Data segment:

***

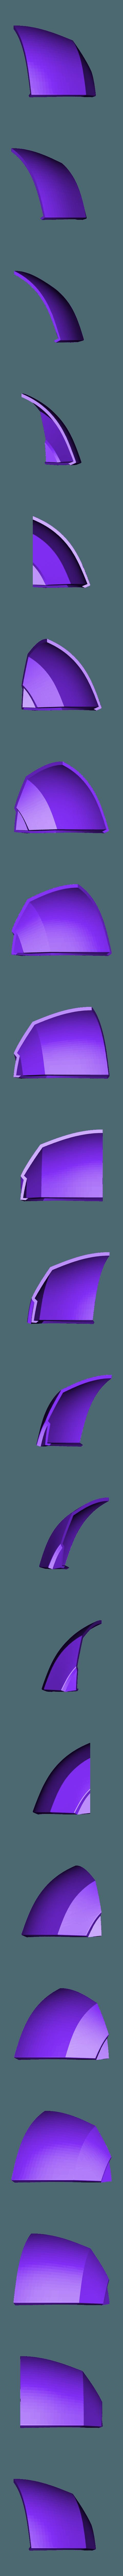 part 1.stl Download STL file Deathstroke Injustice Helmet • 3D printable model, VillainousPropShop
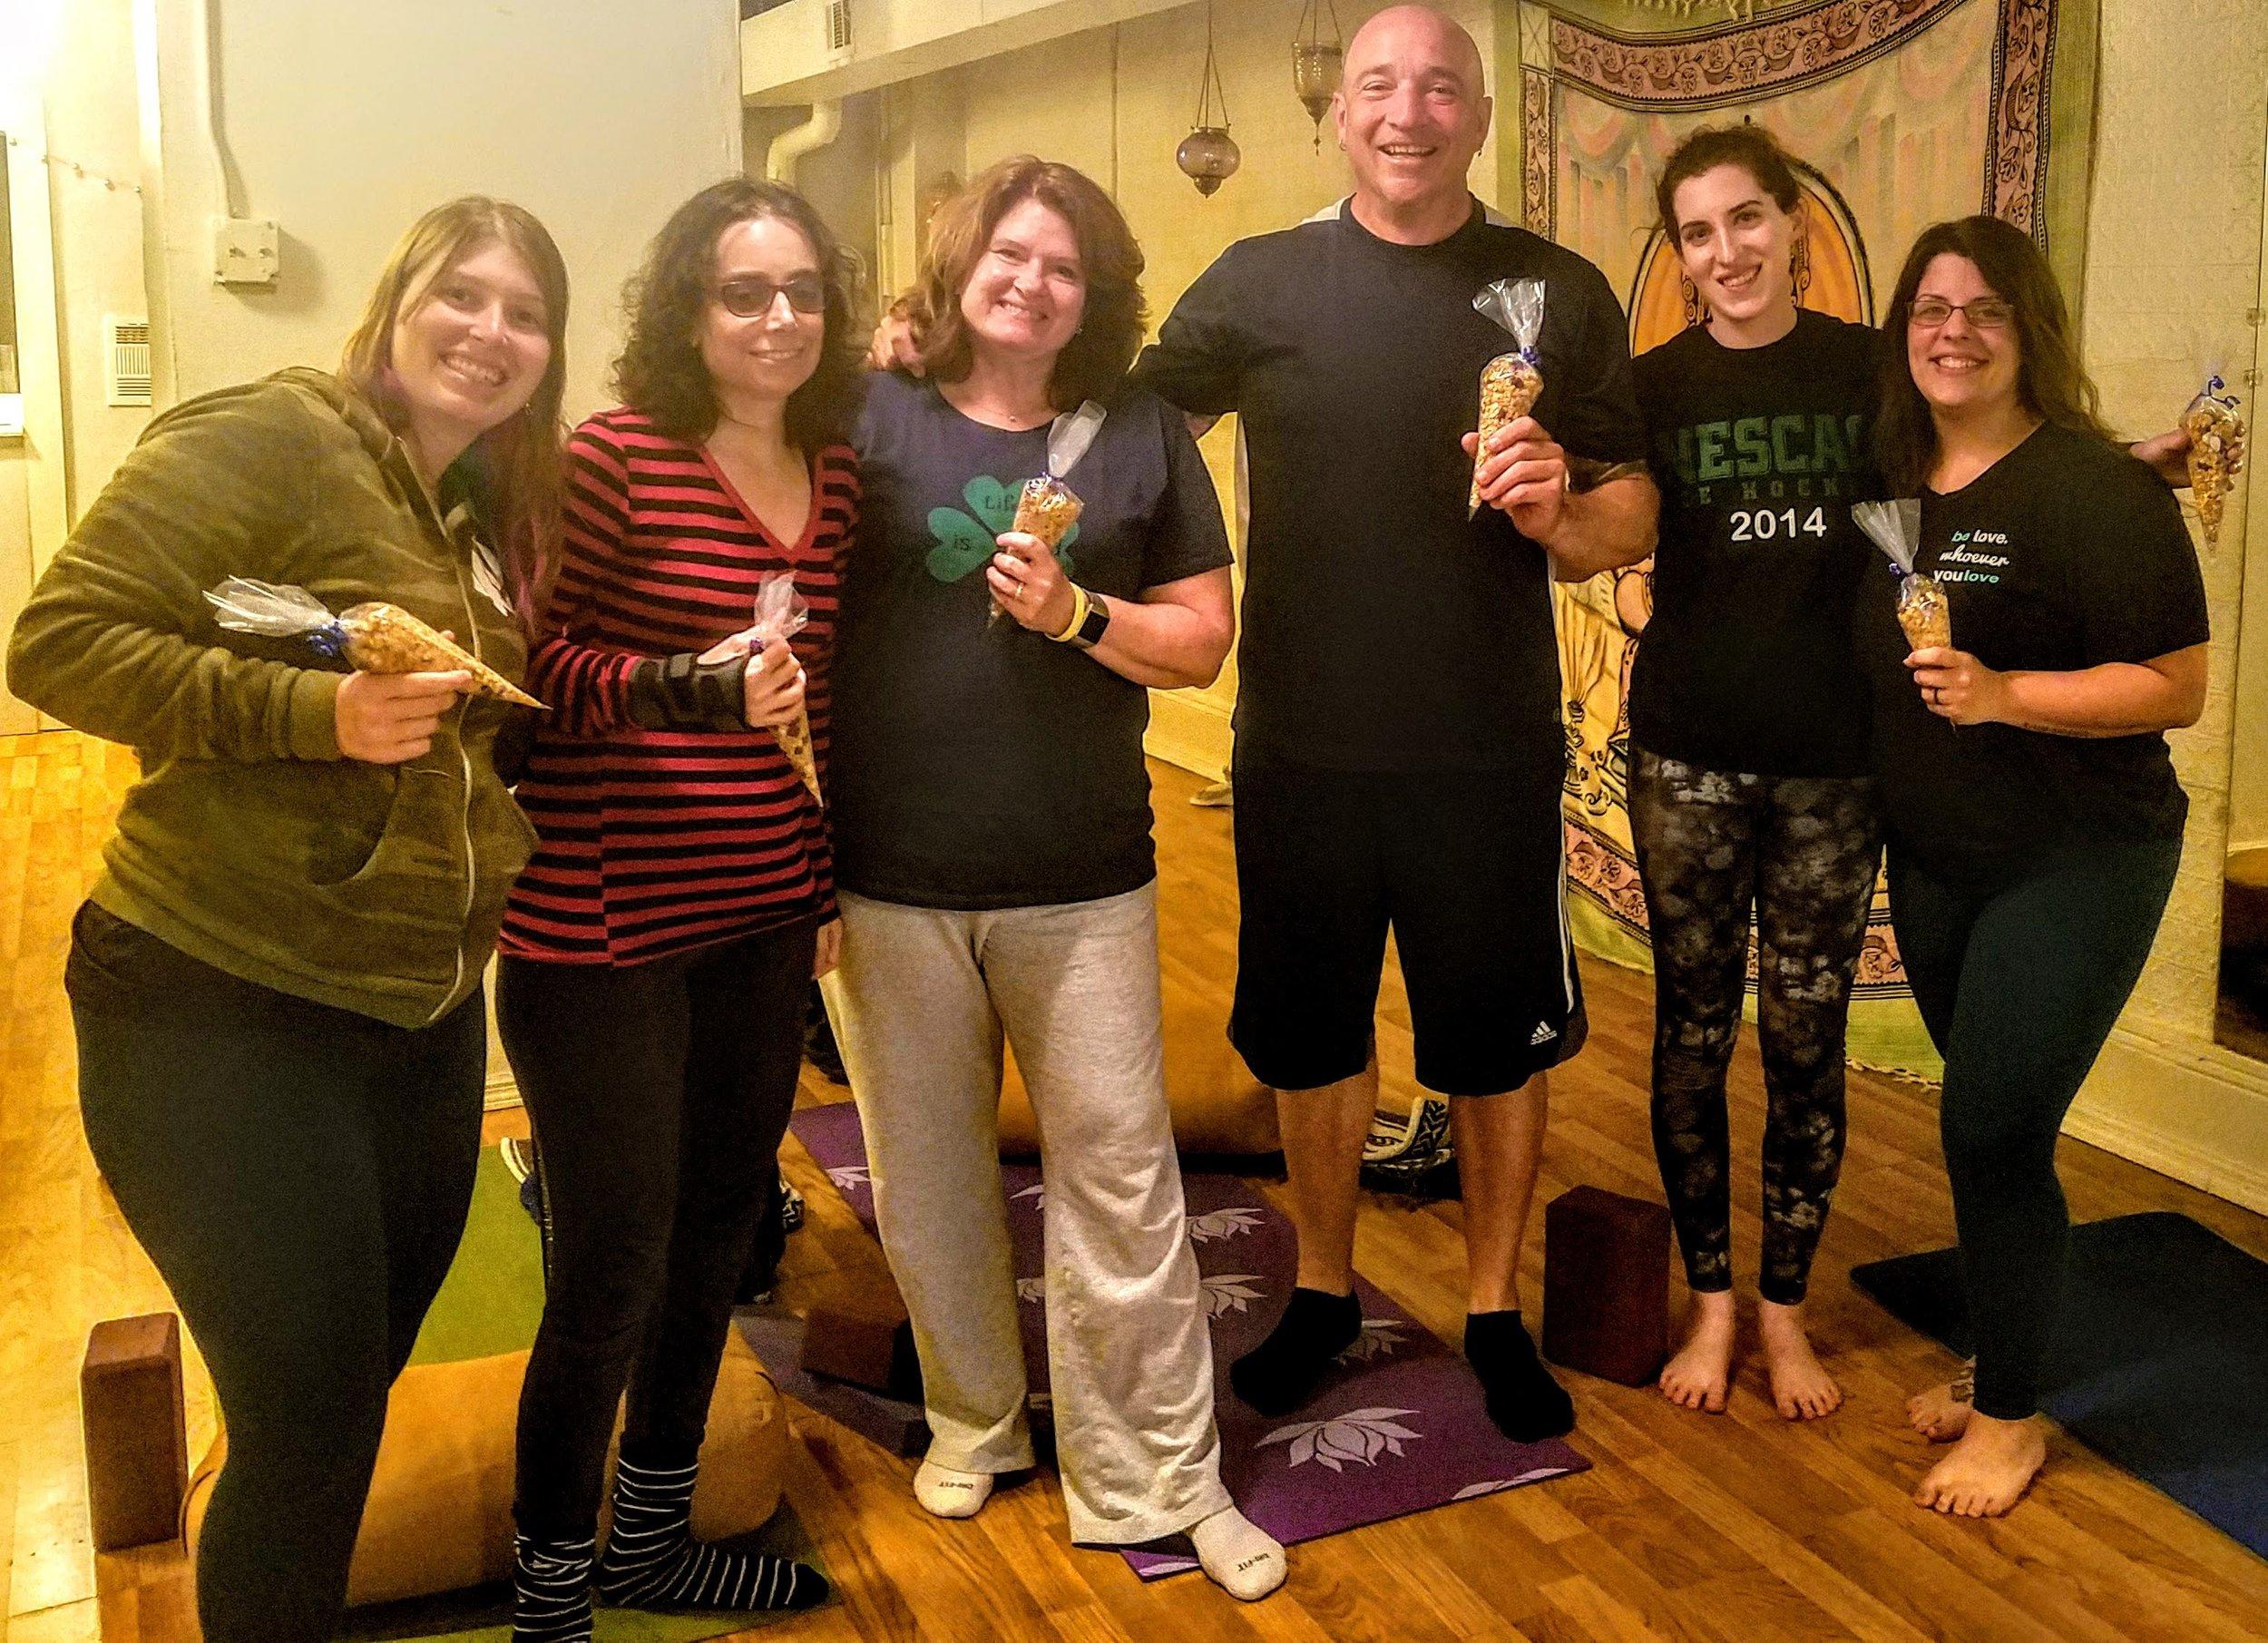 Holding crunchy granola on the last day of LYB Yoga
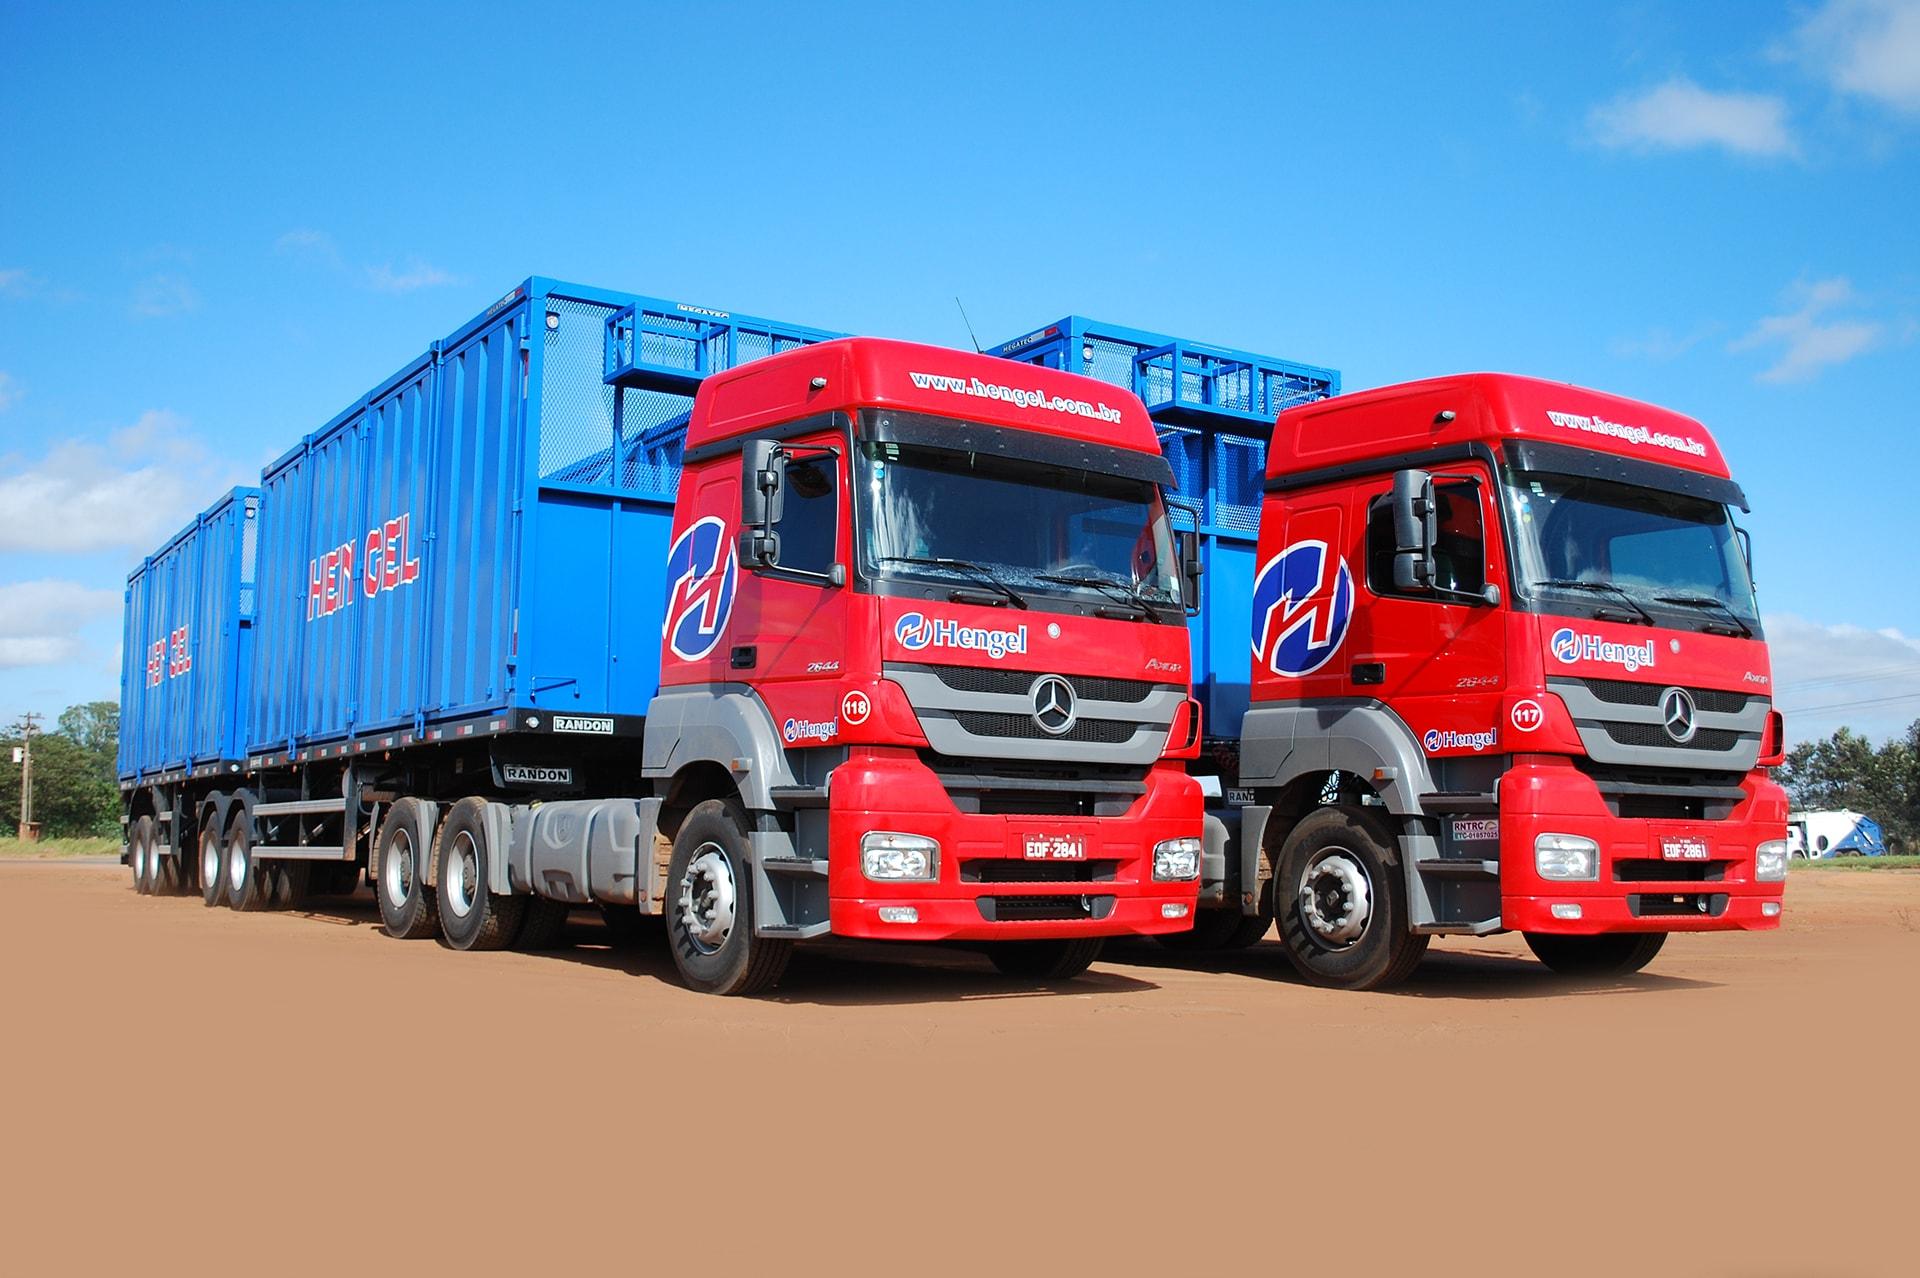 Hengel Transportes - Logística de Biomassa

***

What to work on:
If the data includes images, skip them and copy every line exactly.

Result:
 part 1.stl Download STL file Deathstroke Injustice Helmet • 3D printable model, VillainousPropShop
 Holding crunchy granola on the last day of LYB Yoga
 Hengel Transportes - Logística de Biomassa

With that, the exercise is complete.